Ну и пусть себе наслаждаются, критикуя его над ресторанными закусками. И Белла, конечно, тоже там. Она тоже юрист, как Дэвид, но находит время побыть с его родителями. Белла — идеальная будущая невестка. Белла учит идиш, дважды в год посещает Израиль и собирает деньги для помощи иммигрантам из России и Эфиопии; она ходит в Бейт-Мидраш — талмудистский учебный центр при синагоге — и соблюдает субботу; та самая Белла, которая поднимает на него полные упрека черные глаза и беспокоится о состоянии его души.

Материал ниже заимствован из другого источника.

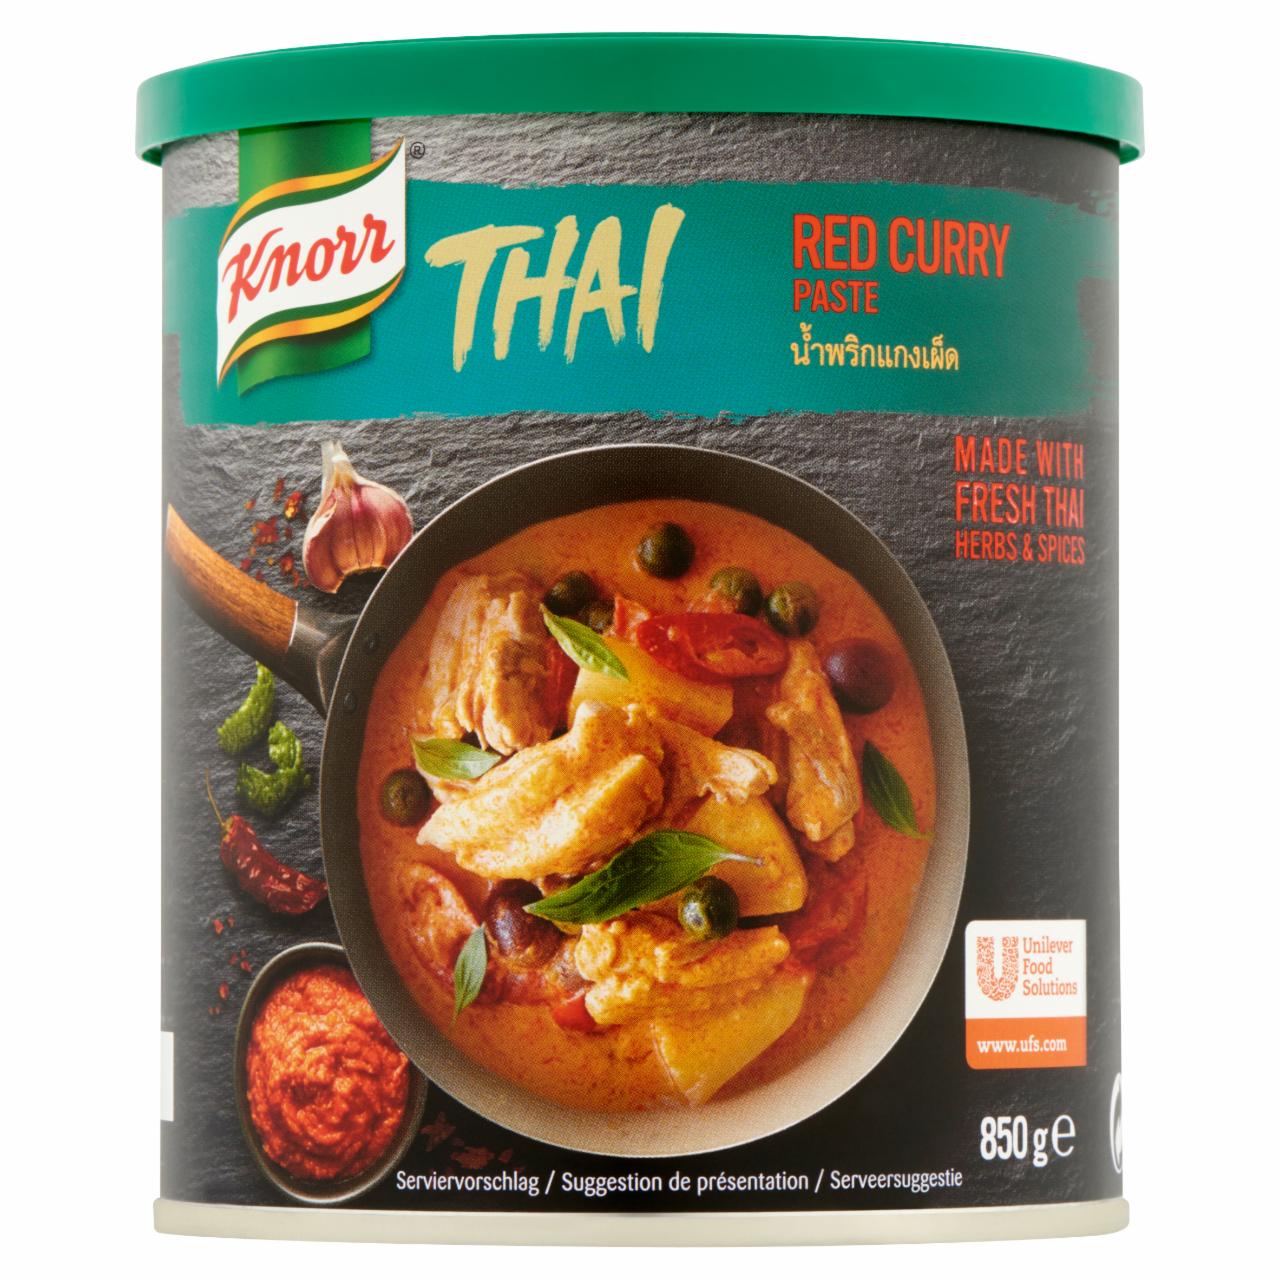 Képek - Knorr thai vörös curry paszta 850 g

Не имело смысла говорить им, что он больше в это не верит. А насколько сами они — его мать и его отец — в это верили? Заставь их предстать перед судом и отвечать под присягой, верят ли они, что Бог вручил Моисею Тору на горе Синай? Что они ответят, если от правдивого ответа будет зависеть их жизнь? Он задавал этот вопрос брату и запомнил, что тот сказал. Тогда его ответ удивил Дэниела, удивлял и сейчас, приоткрыв возможность увидеть в Дэвиде тонкость, существование которой раньше и заподозрить было нельзя.
— Наверное, я бы солгал, — сказал ему брат. — Существуют убеждения, за которые стоит умереть, независимо от того, строго ли они соответствуют истине или нет.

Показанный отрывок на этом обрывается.